Näher an der Bevölkerung

Haben die Menschen im Land die Möglichkeit, auf wichtige politische Weichenstellungen Einfluss zu nehmen, so erhöht das in jedem Fall die Identifikation mit dem Beschlossenen. Selbst diejenigen, die dagegen gestimmt haben, werden eher bereit dazu sein, die Entscheidung der Mehrheit zu akzeptieren. Ganz entscheidend ist dabei das Instrument des Volksbegehrens. Bei entsprechendem Quorum können die Bürgerinnen und Bürger ihre Wünsche direkt ins Parlament einstreuen. Die Abgeordneten wären dazu verpflichtet, sich mit dem Thema zu befassen. Auf diese Weise wird sichergestellt, dass die Belange der gesamten Bevölkerung in der Politik wieder Gehör finden.

Die Abgeordneten wiederum würden sich wieder eher wieder mit ihren Wählerinnen und Wählern verbunden fühlen.

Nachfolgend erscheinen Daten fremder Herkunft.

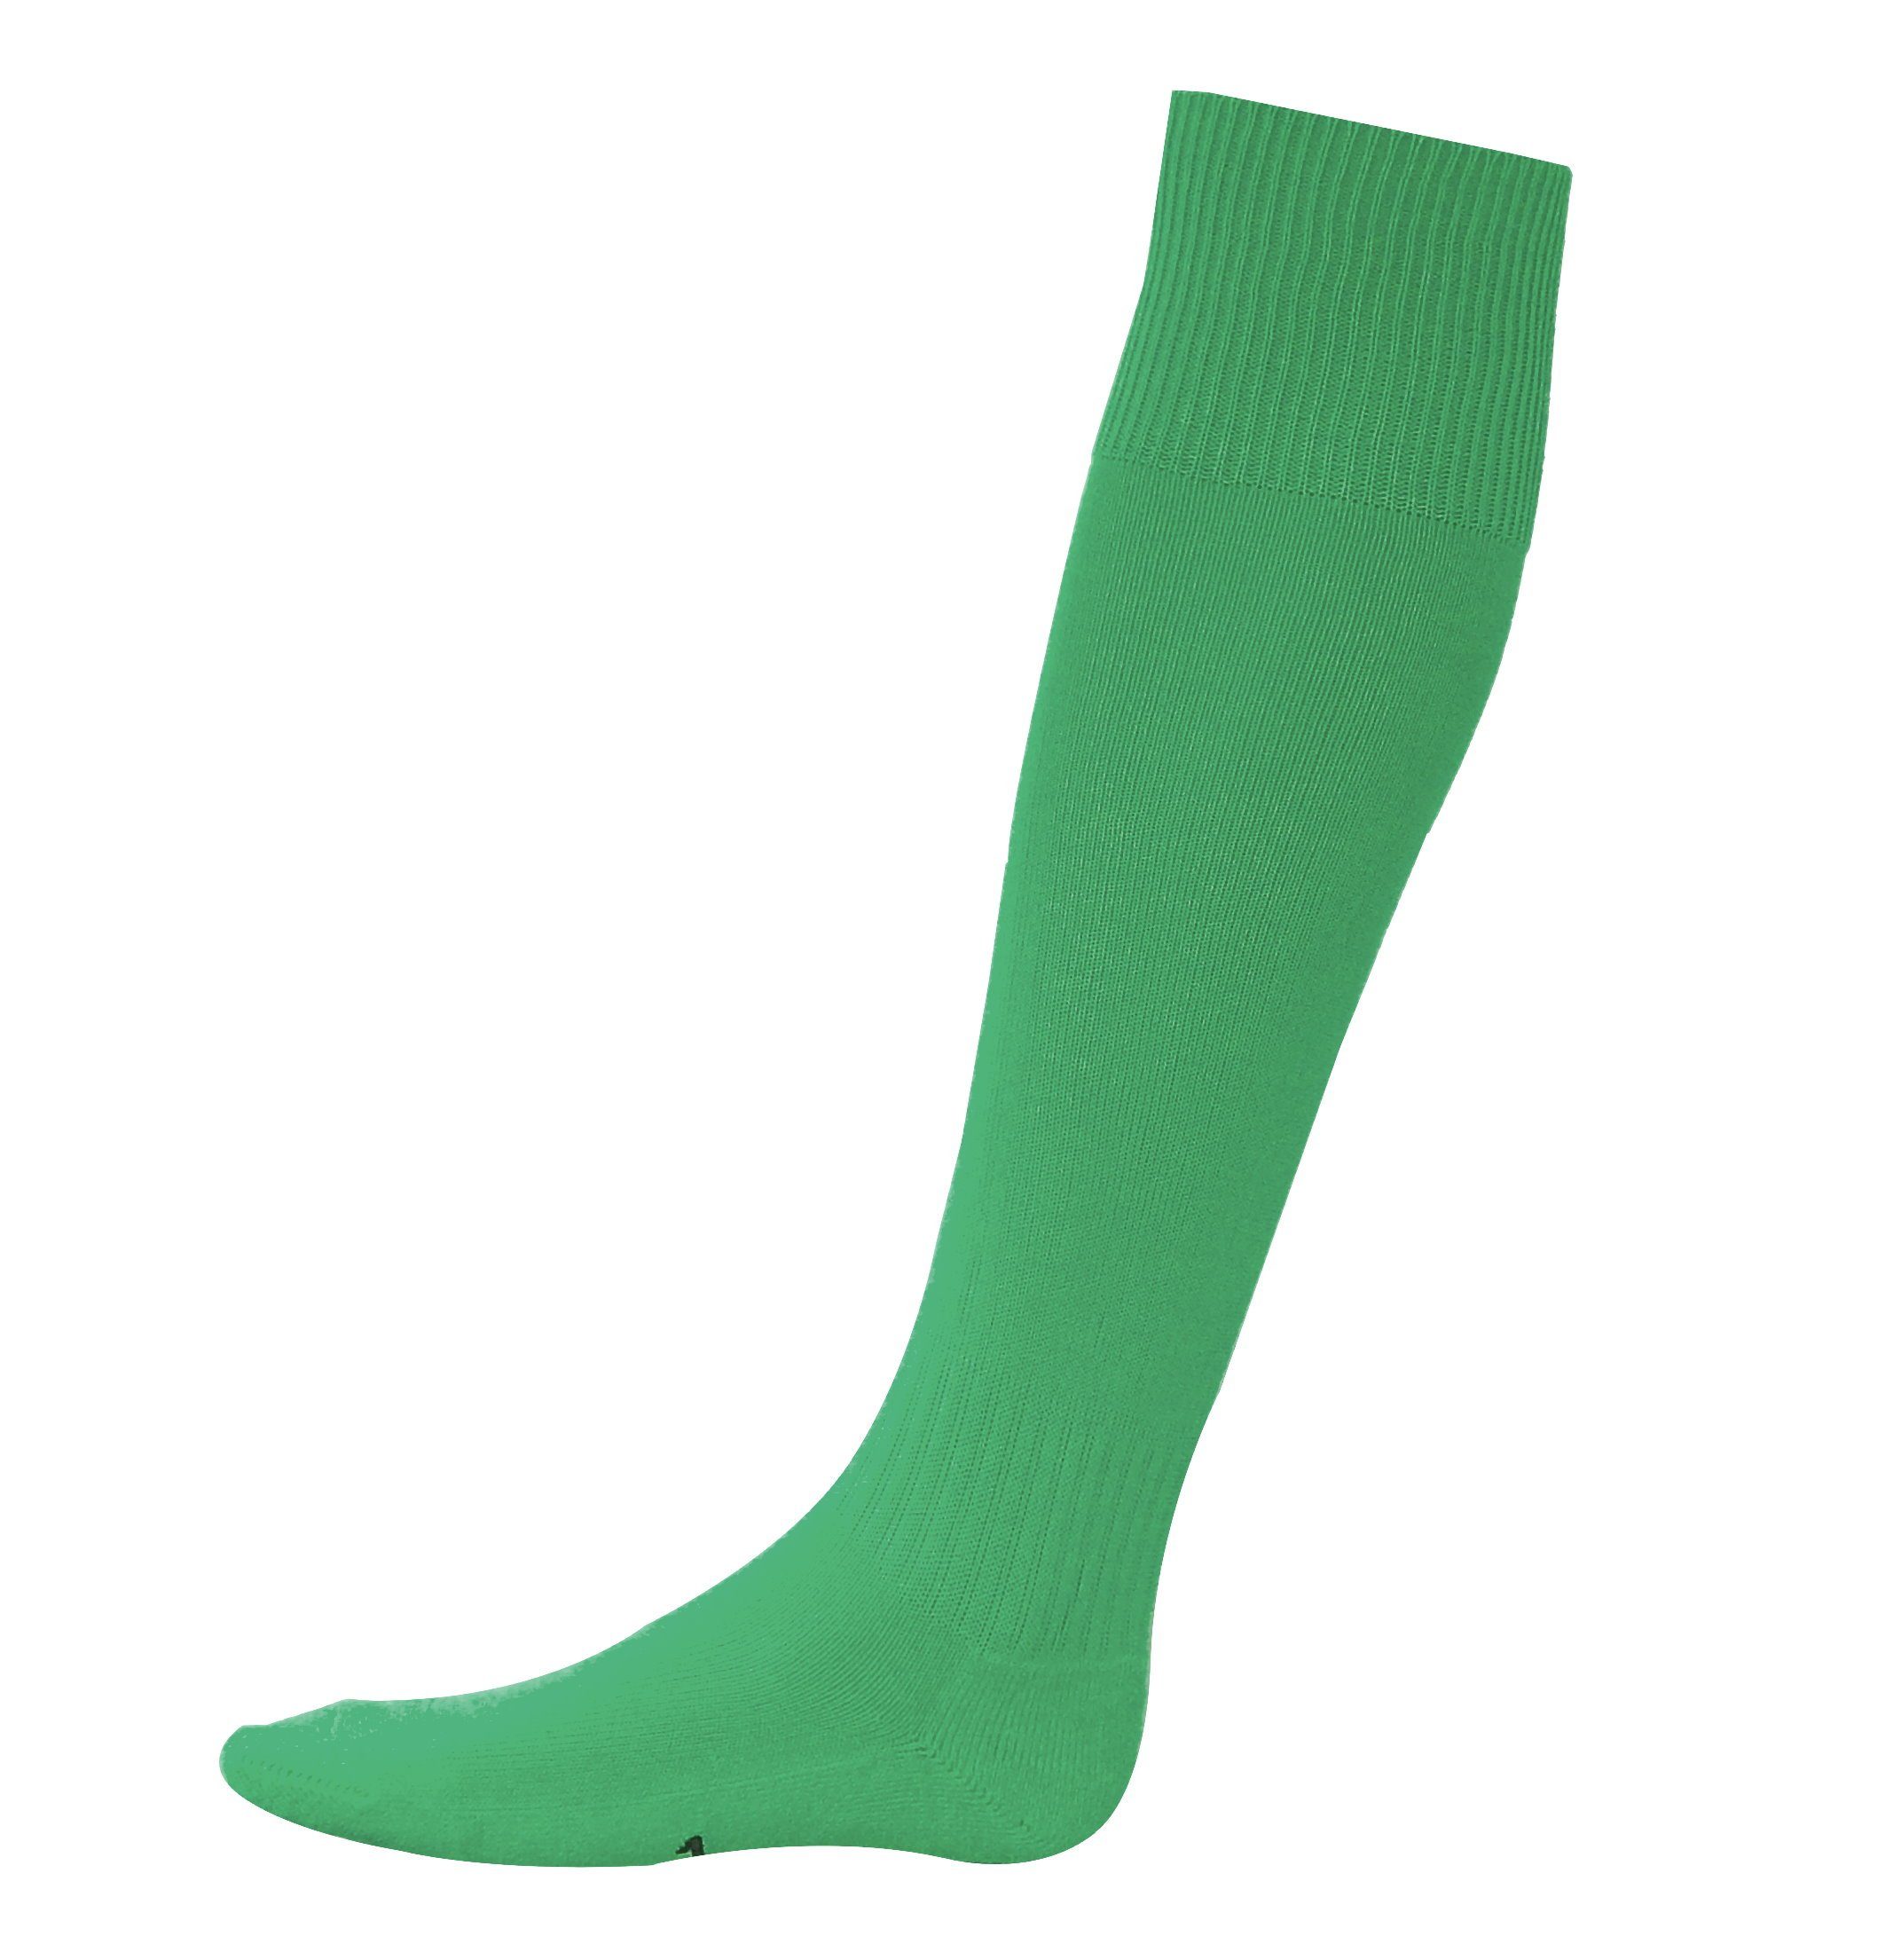 Erima Stutzenstrümpfe 1 Paar Kniestrümpfe Stutzen Fußballstutzen Fußball  Socken Strümpfe online kaufen | OTTO

Mit ihren Programmen würden sie verstärkt versuchen, möglichst alle Wählerschichten anzusprechen. Denn nur zufriedene Wähler machen ihr Kreuz bei der nächsten Wahl an der gleichen Stelle. Ermutigt durch die stärkeren Einflussmöglichkeiten würden sich außerdem Berufsgruppen zur Wahl aufstellen lassen, die bislang im Bundestag wenig bis kaum repräsentiert sind. So würde wieder ein Gleichgewicht zwischen Bevölkerung und Bundestag zustandekommen, welches dem Parlament in den letzten Jahren deutlich abhandengekommen ist.